[GIVEN DATA Boundary: Start]

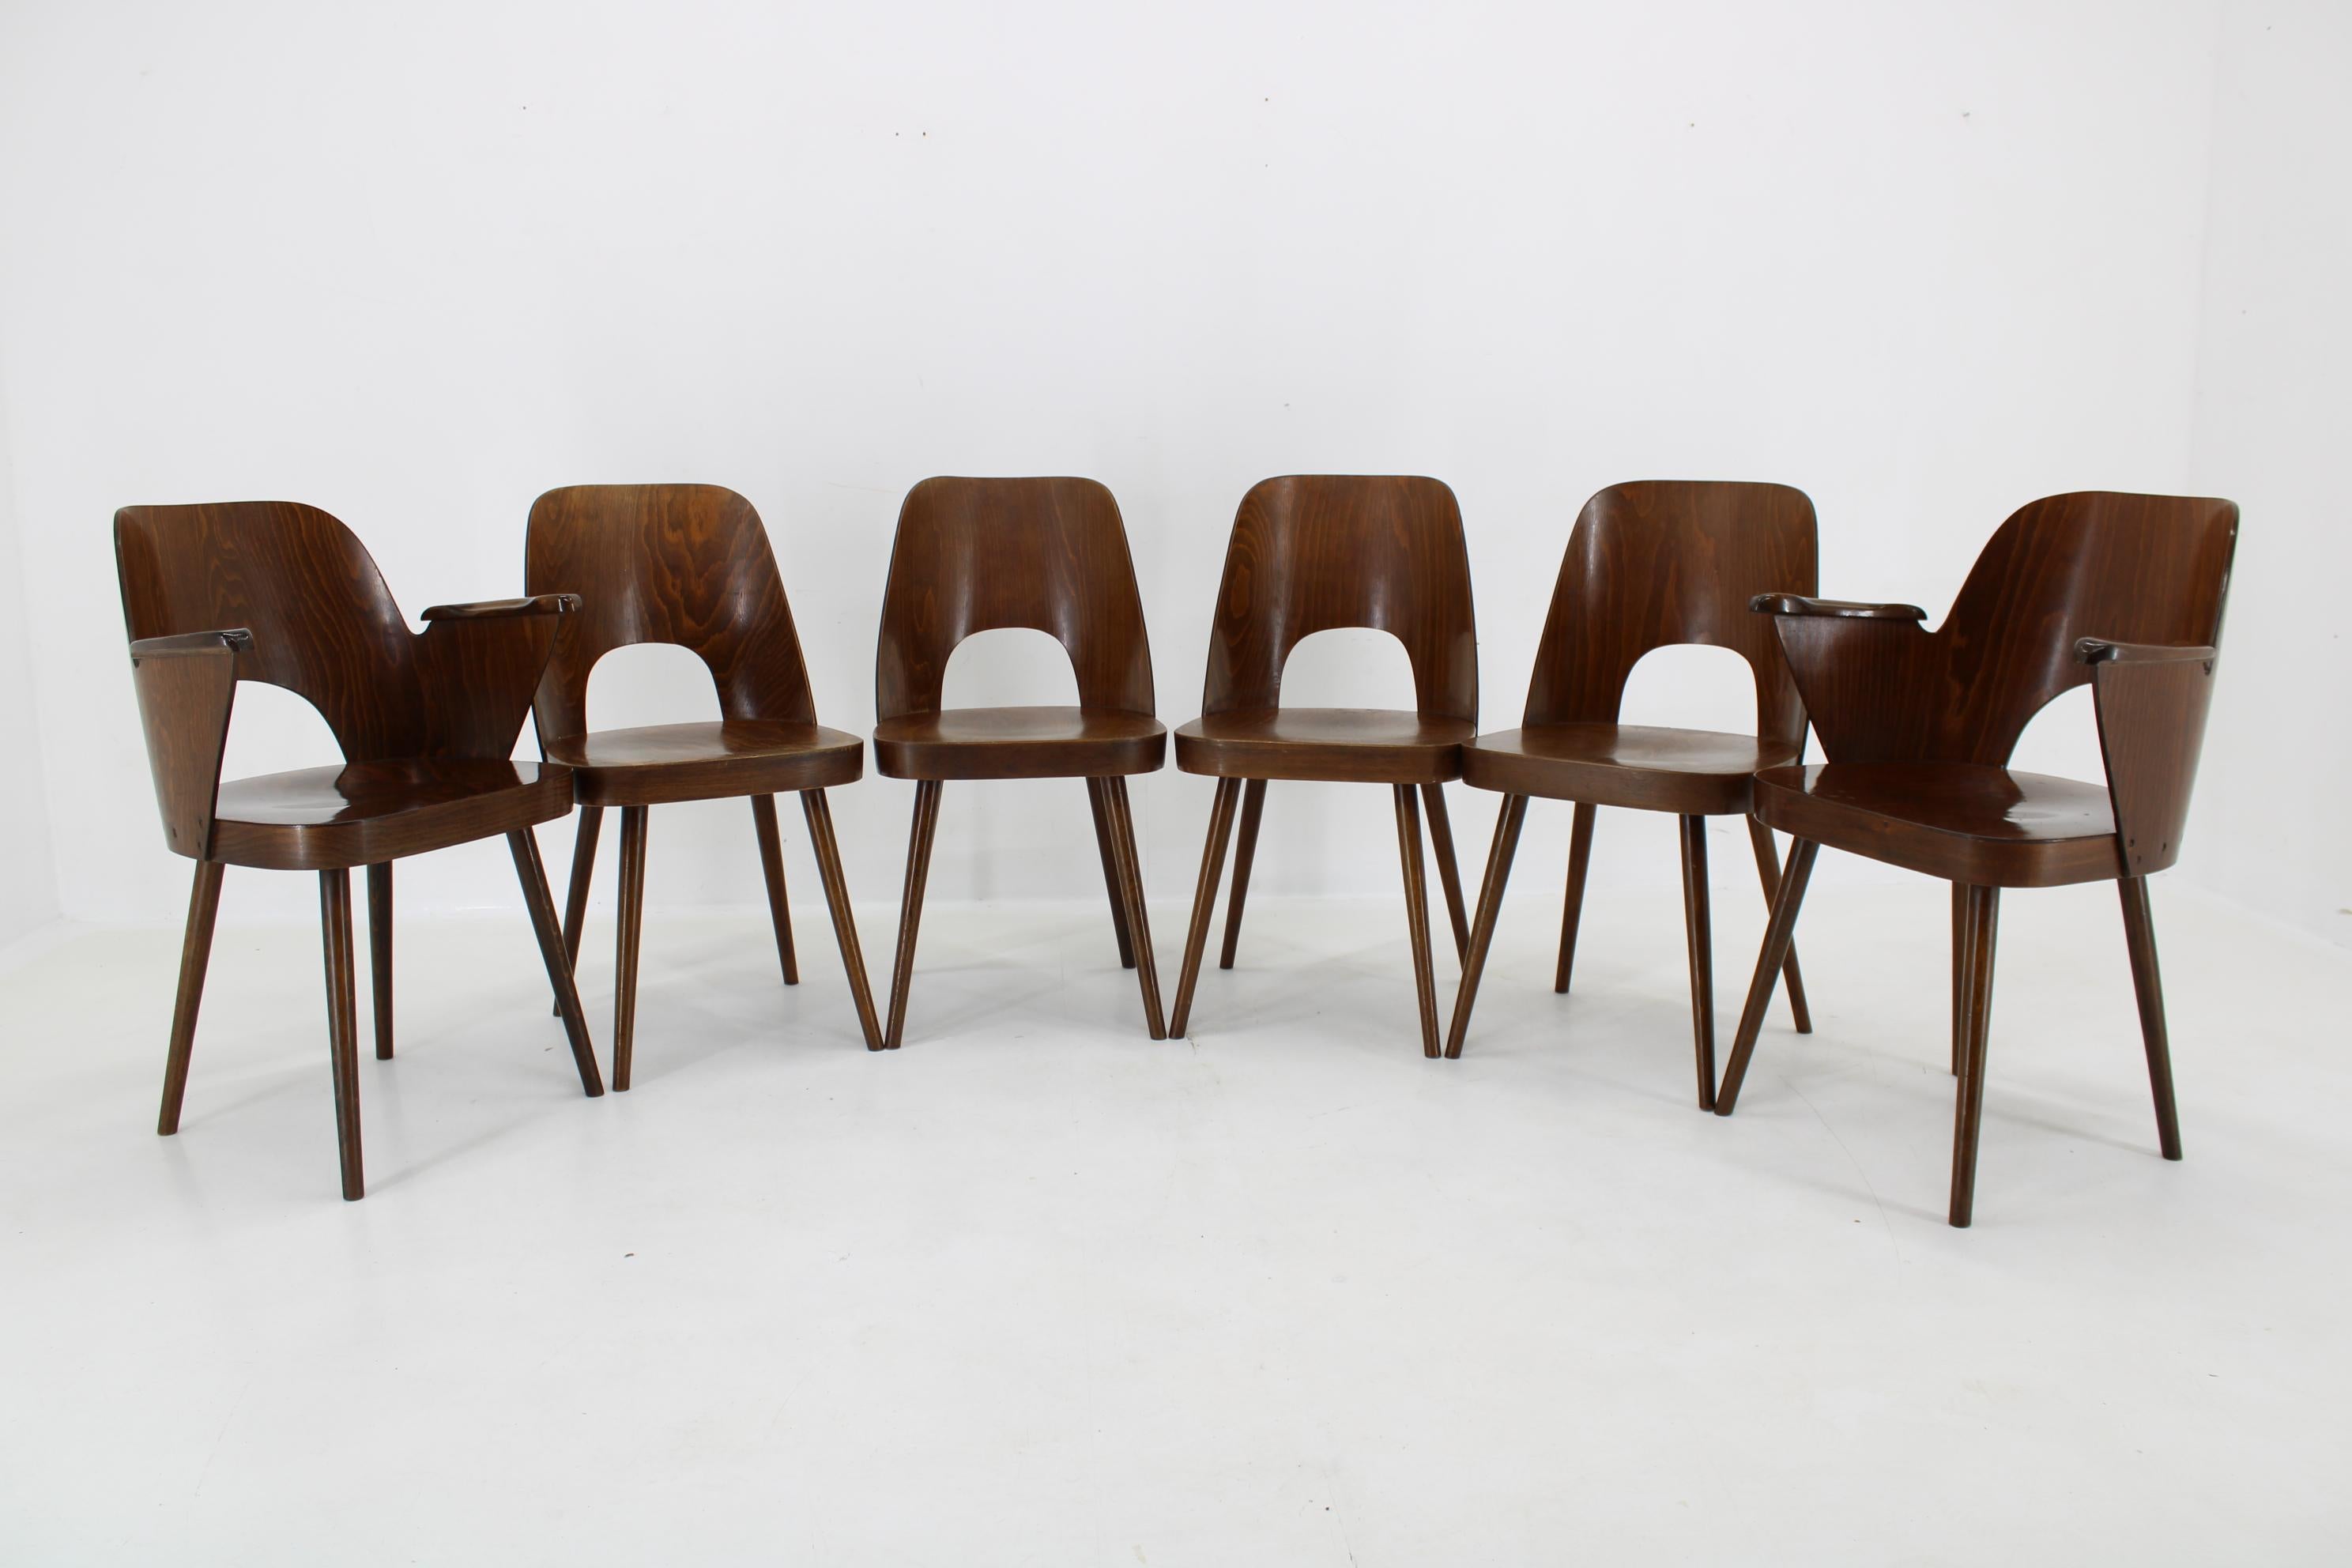 - Made of stained beech wood and beech plywood 
- The wooden parts have been repolished
- Armrests 64 cm
- dimensions of chairs without armrests:  82x(47)x44x55cm

[GIVEN DATA Boundary: End]

PROMPT: An unchanged copy of the data, images excluded, is all that should be given.

FINISHED TASK:
 - Made of stained beech wood and beech plywood 
- The wooden parts have been repolished
- Armrests 64 cm
- dimensions of chairs without armrests:  82x(47)x44x55cm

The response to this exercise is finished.